It's 2 mediums over 6 deeps, so a double wide. It pivots on the shutter hinges and has plexi on both faces. The queen is regularly on one of the faces but is sometimes on the inside halves of the frames and can't be found.


----------



## Tenbears (May 15, 2012)

You will see the queen about 25% of the time you look for her. Although viewing the queen is always nice. It is but a small part of an Observation Hive. 

Nice Job, However You will come to regret using the plexiglass. When you do, replace it with 3/16 inch safety glass!


----------



## Clairesmom (Jun 6, 2012)

Why oak instead of something lighter, like pine?


----------



## brushwoodnursery (Feb 10, 2012)

Clairesmom said:


> Why oak instead of something lighter, like pine?

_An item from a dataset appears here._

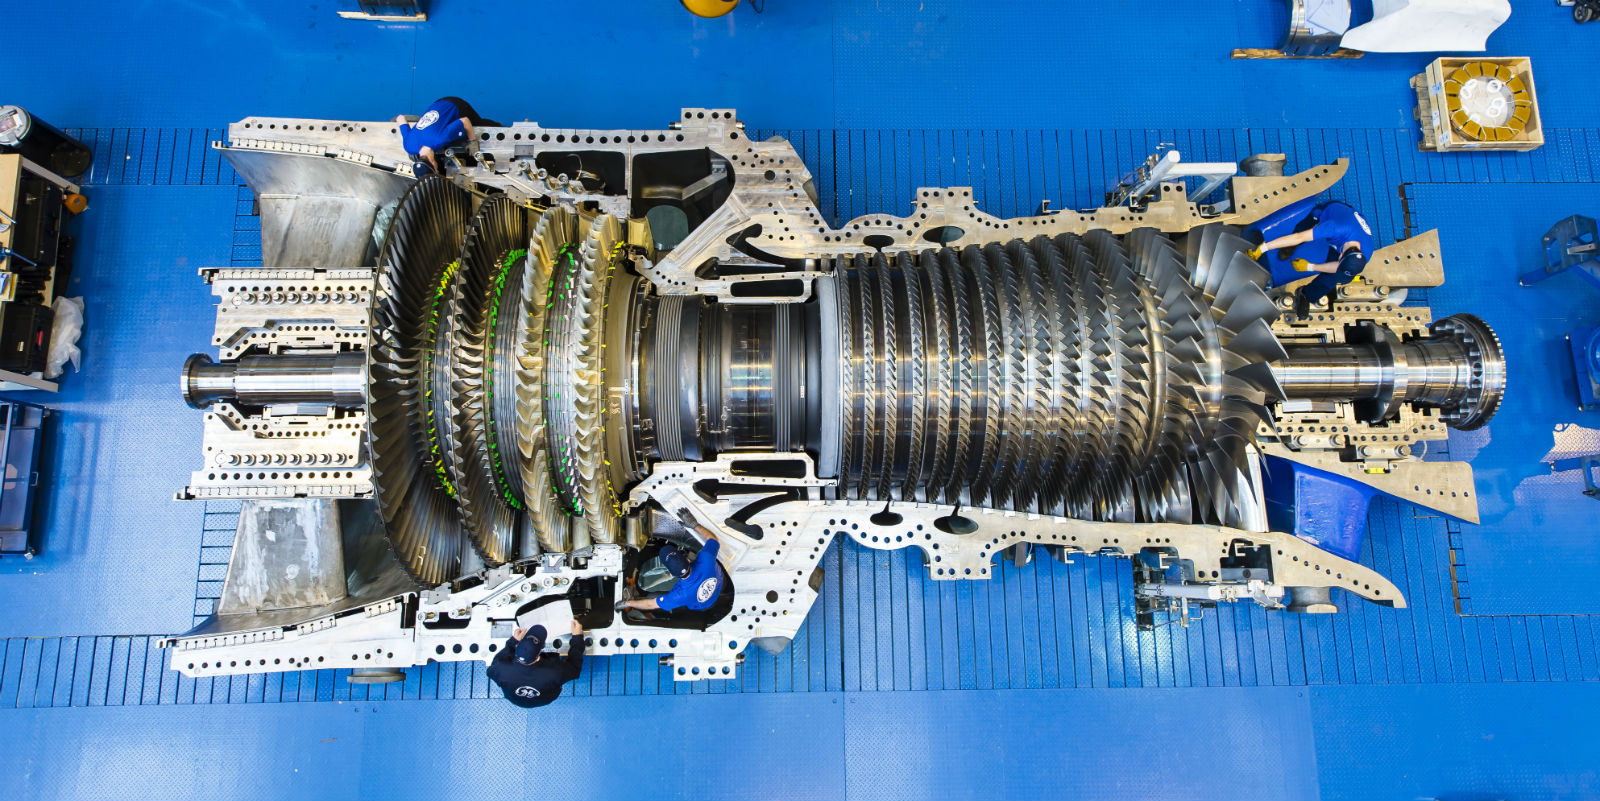 Monster Machines: The World’s Biggest And Best Gas Turbine Can Power 400,000 Homes
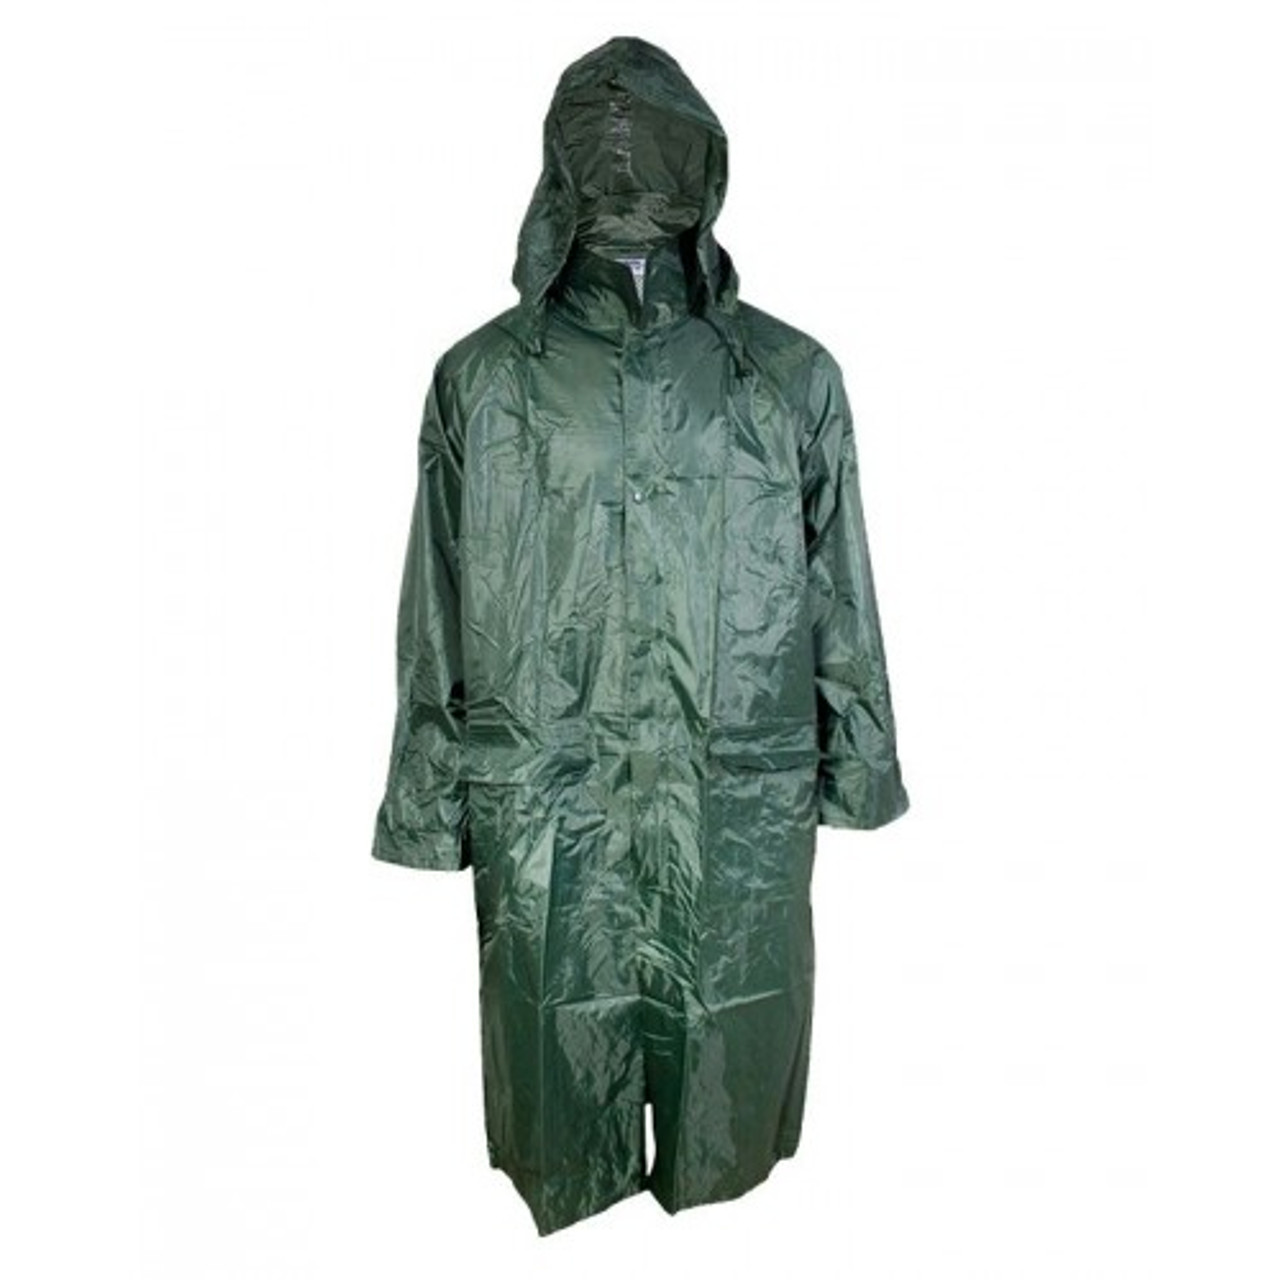 Buy Online Polyester Raincoat Gown Hellog from GZ Industrial Supplies ...

Because I'm a fool! Not only is it a heavy wood, there's massive overkill in the structure. When it was installed at the school, it was 75 feet and up a flight of steps to get it outside. Now that it's at home, it's only 15 feet across the room to the deck.




Tenbears said:


> You will see the queen about 25% of the time you look for her. Although viewing the queen is always nice. It is but a small part of an Observation Hive.
> 
> Nice Job, However You will come to regret using the plexiglass. When you do, replace it with 3/16 inch safety glass!


 Right. I know she's there based on a nice pattern of eggs and young brood in a couple of places.
Thanks! I cleaned the plexi once already and it wasn't too bad. I did make very tiny scratches with the scrubber sponge. I'll probably change it out in a couple of years. Then again, I may sell/give/donate this one and build something nicer. There are a couple of places in town that offer tempering of custom size glass.


----------



## mgolden (Oct 26, 2011)

I manned a booth on bees with an observation hive for the day at a large 10 day exhibition. The fellow making up the OH put in an unmarked virgin queen. She was hard to locate and near impossible when the bees became quite active mid day.

The OH was a great crowd attractor.

However, I wish I had a dollar for every time I was asked - Is there a queen in there? and then, Where is she? Think another time an older marked queen would be a much much better queen to not only show the queen size and characteristics.


----------



## RichM (Dec 22, 2015)

I have had success cleaning the plexiglass of my observation hive using denatured alcohol to remove the propolis, followed by scraping the wax off with a plastic gift card. The bit of wax residue left can be removed with dry paper towel and a little elbow grease. It is best to have a clean spare plexiglass to swap out, so you can clean it at your leisure.


----------



## brushwoodnursery (Feb 10, 2012)

RichM said:


> I have had success cleaning the plexiglass of my observation hive using denatured alcohol to remove the propolis, followed by scraping the wax off with a plastic gift card. The bit of wax residue left can be removed with dry paper towel and a little elbow grease. It is best to have a clean spare plexiglass to swap out, so you can clean it at your leisure.


:thumbsup::thumbsup:


----------